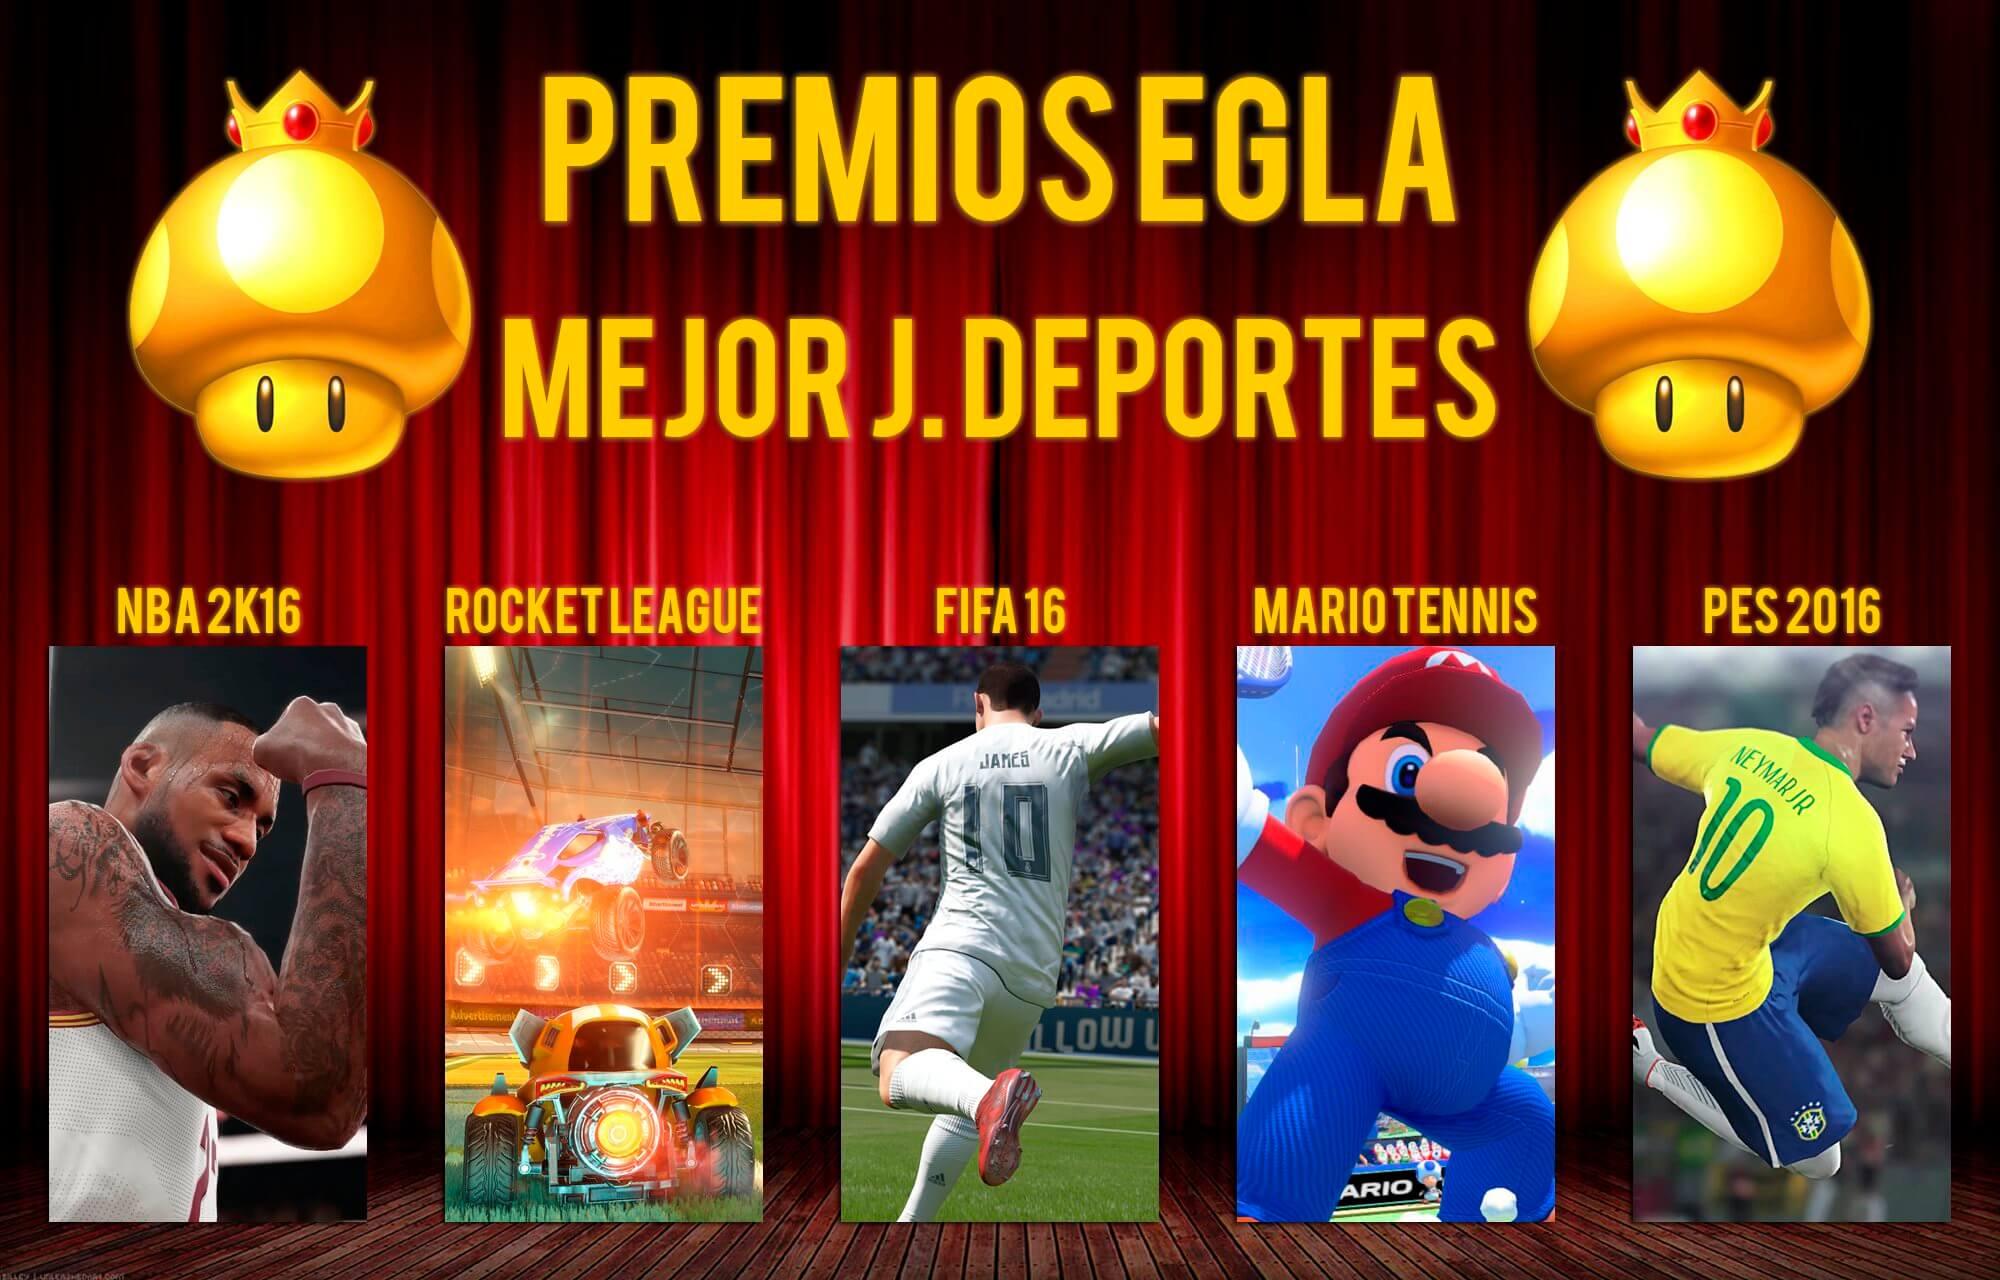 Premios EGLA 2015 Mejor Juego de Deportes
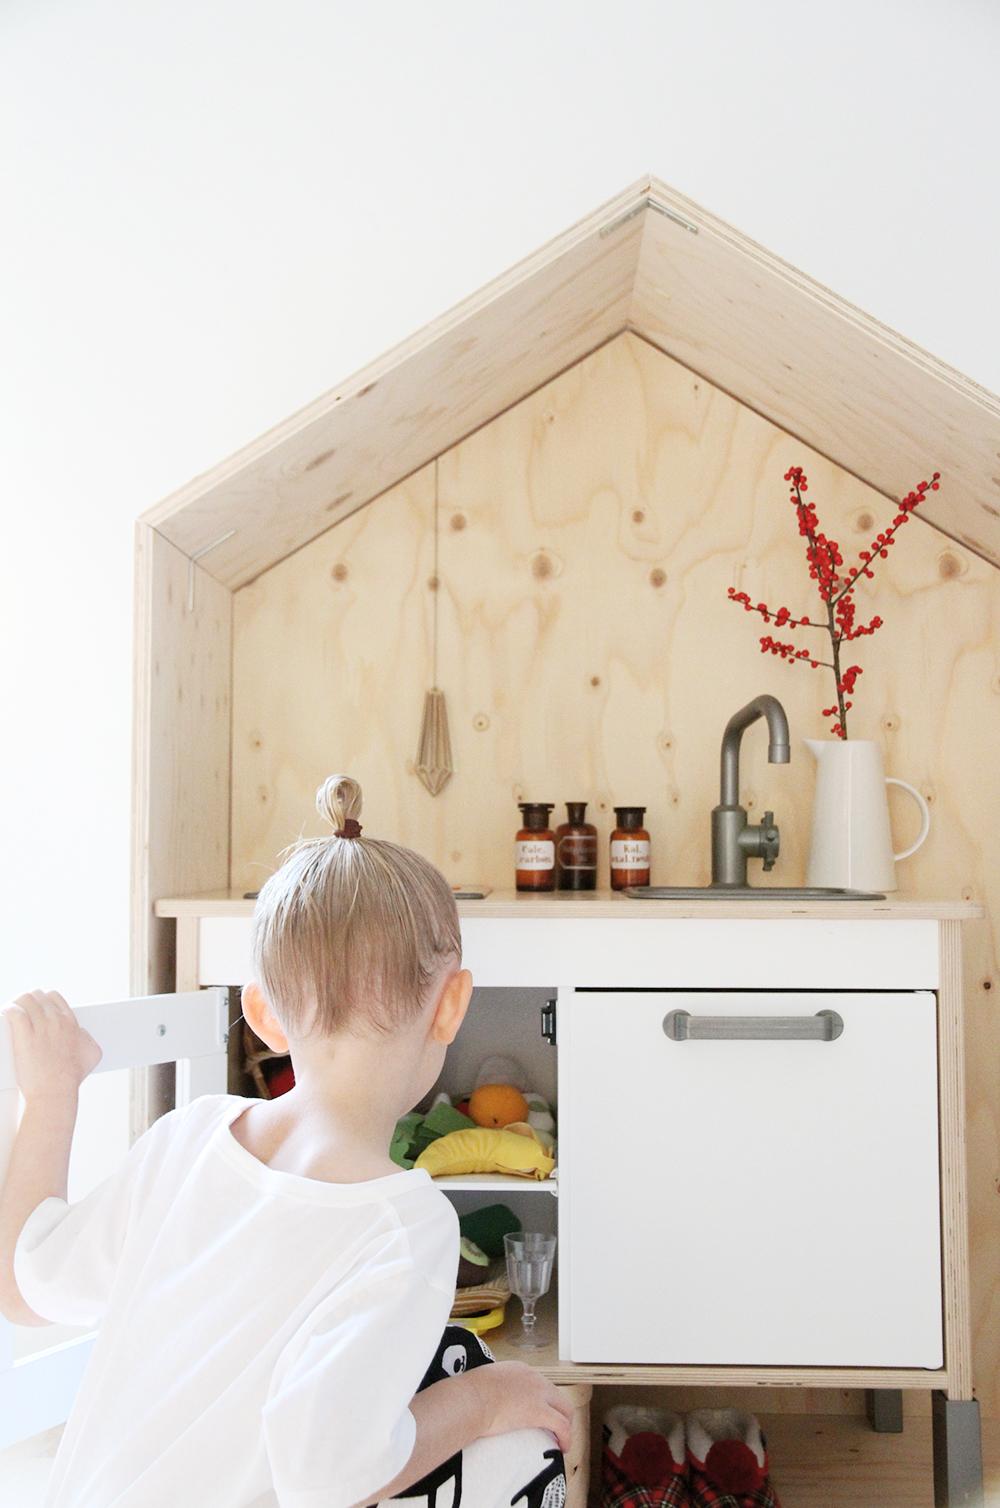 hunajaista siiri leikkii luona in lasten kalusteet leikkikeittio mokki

---

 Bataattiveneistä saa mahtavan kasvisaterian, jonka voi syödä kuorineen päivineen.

__TASK DESCRIPTION__: Nothing but the lines from the one containing "Premios EGLA 2015 Mejor Juego de Deportes" through the one containing "hunajaista siiri leikkii" should appear, copied exactly from the material above and without pictures.

__TASK SOLUTION__:
 Premios EGLA 2015 Mejor Juego de Deportes
 hunajaista siiri leikkii luona in lasten kalusteet leikkikeittio mokki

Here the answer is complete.